Unofficial PyTorch port of MULE (SF-NFNet-F0), the SiriusXM/Pandora music-audio embedding model.

Project description

mule-torch

PyPI License: GPLv3 Weights: CC BY-NC 4.0 Python PyTorch Hugging Face Status

An unofficial PyTorch port of MULE (Musicset Unsupervised Large Embedding), the SF-NFNet-F0 music-audio representation model from SiriusXM/Pandora:

Supervised and Unsupervised Learning of Audio Representations for Music Understanding, M. C. McCallum, F. Korzeniowski, S. Oramas, F. Gouyon, A. F. Ehmann. ISMIR 2022. https://arxiv.org/abs/2210.03799

This is not a re-training. It re-implements the SF-NFNet-F0 architecture in pure PyTorch and transfers the pretrained weights from the original Keras model (model.keras), verified to be numerically equivalent. The result is a clean nn.Module that is batched, GPU-native, and ONNX-exportable — none of which the original TensorFlow/SCOOCH/Analysis pipeline supports.

Disclaimer

This is an independent, community port from TensorFlow to PyTorch. It is not affiliated with, endorsed by, or maintained by SiriusXM, Pandora, or the original authors. The original model, weights, and configurations come from PandoraMedia/music-audio-representations. All credit for the model goes to the original authors — please cite their paper.

Install

pip install mule-torch
# or, latest from source:
pip install git+https://github.com/matteospanio/mule-torch

The installed package is a pure torch library (torch, numpy, safetensors, huggingface_hub). It does not pull in TensorFlow — the conversion/verification tooling lives in standalone uv scripts (see below).

Usage

from mule_torch import MuleModel

model = MuleModel.from_pretrained()      # downloads weights from the Hugging Face Hub
emb = model(waveform)                    # waveform: (B, T) float @ 16 kHz mono -> (B, 1728)

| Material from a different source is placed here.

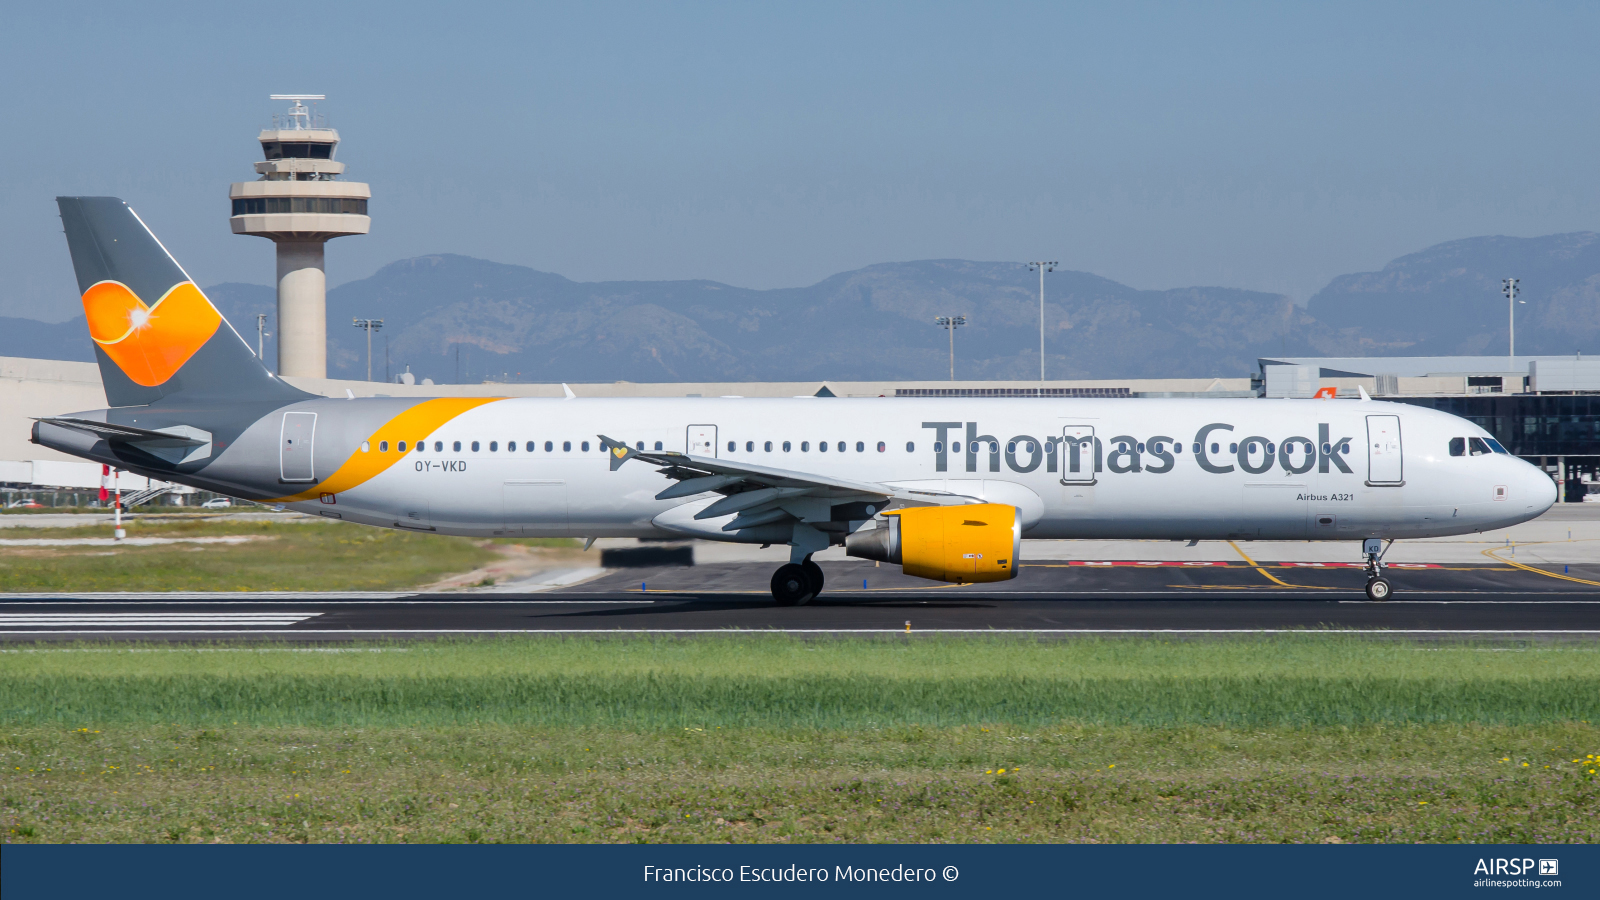 Thomas Cook Airlines  Airbus A321  OY-VKD

Input is a 16 kHz mono waveform in [-1, 1]. The model computes a 96-band log-mel spectrogram, slices it into 96×300 windows every ~2 s, runs the SF-NFNet-F0 backbone, and mean-pools the per-slice 1728-d embeddings into one vector per clip — matching mule_embedding_timeline.yml + a timeline average.

Pretrained weights

The converted weights are hosted on the Hugging Face Hub at matteospanio/mule (CC BY-NC 4.0) and are downloaded automatically by from_pretrained():

MuleModel.from_pretrained()                          # default: hf_repo="matteospanio/mule"
MuleModel.from_pretrained(hf_repo="matteospanio/mule", revision="main")
MuleModel.from_pretrained(model_dir="artifacts")     # or load a local copy (skip the download)

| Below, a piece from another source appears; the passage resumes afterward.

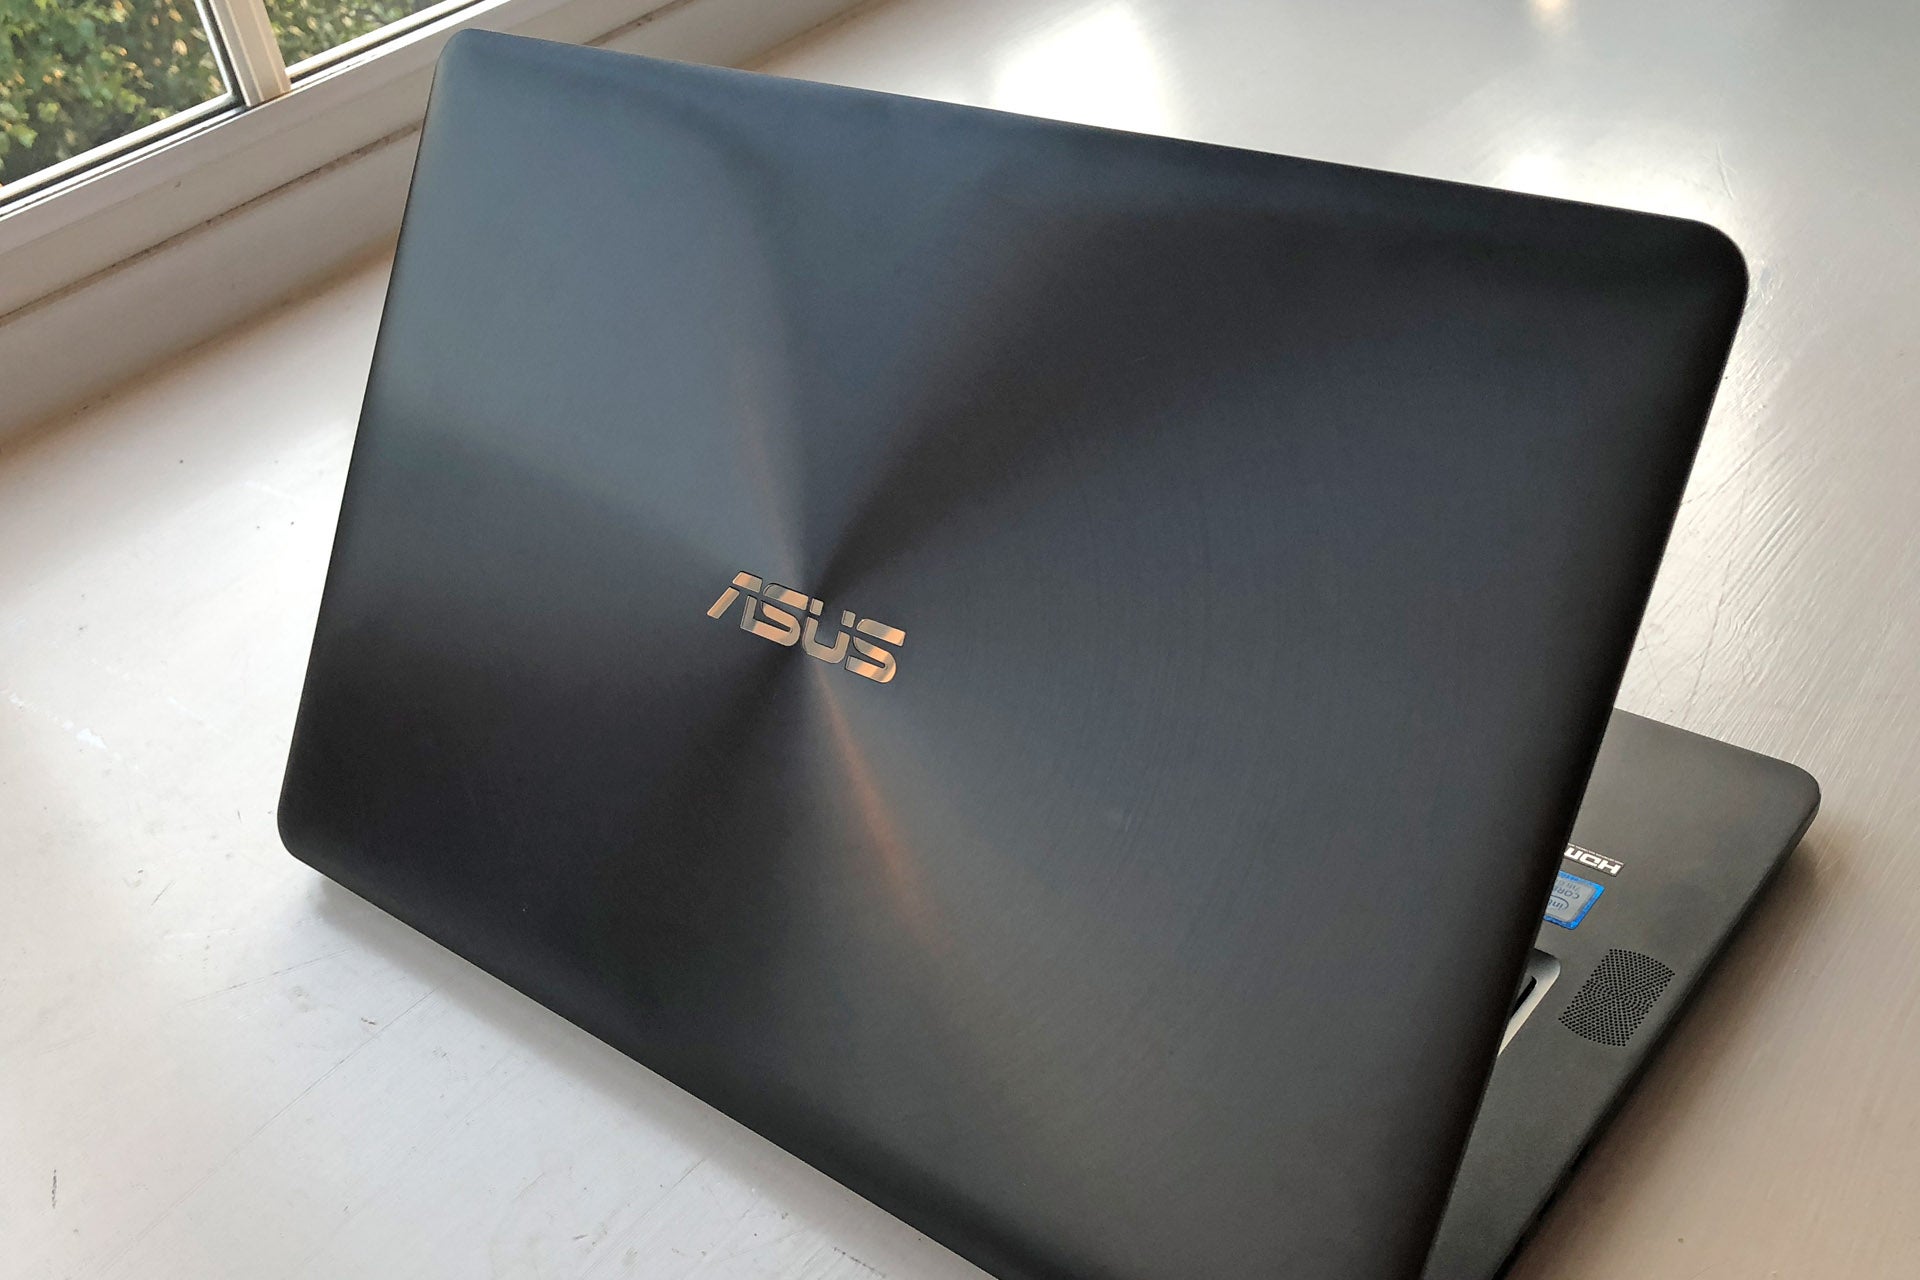 Asus ZenBook Pro UX550VD Review | Trusted Reviews

The Hub repo ships model.safetensors + config.json (used here) and a self-contained backbone.onnx (opset 17, (N,1,96,300) log-mel slice → (N,1728), dynamic batch) for ONNX Runtime. Set $MULE_TORCH_DIR to point from_pretrained() at a local directory without passing model_dir.

How the port works

Stage Original (TF) This port (torch)
Mel front-end librosa.feature.melspectrogram MuleMelSpectrogram (fixed windowed-DFT conv1d + the librosa filterbank stored as a buffer, since torchaudio can't do norm=2.0)
Slicing SliceExtractor (numpy) slice_mel (torch)
Backbone SfNfNetF0 Keras model SfNfNetF0 nn.Module (WSConv2d, scaled GELU, squeeze-excite, NFNet blocks, fast→slow fusion)
Weights model.keras (251 MB) model.safetensors (converted)

Weight standardization is recomputed on the fly (faithful + fine-tunable); constants (β, α, scaled-activation gains) are baked into the architecture; the learnable skip-init gains are the only saved scalars per block. Stochastic depth is a no-op at inference (shortcut + residual) and is dropped.

Amplitude convention. The original AudioFile reader scales PCM16 by 1/2^16. If you feed conventional [-1,1] audio, embeddings still track the original closely but are not bit-identical because the log10(10000·x+1) mel compression is non-linear. The verification below feeds the exact waveform the reference used, so parity is exact.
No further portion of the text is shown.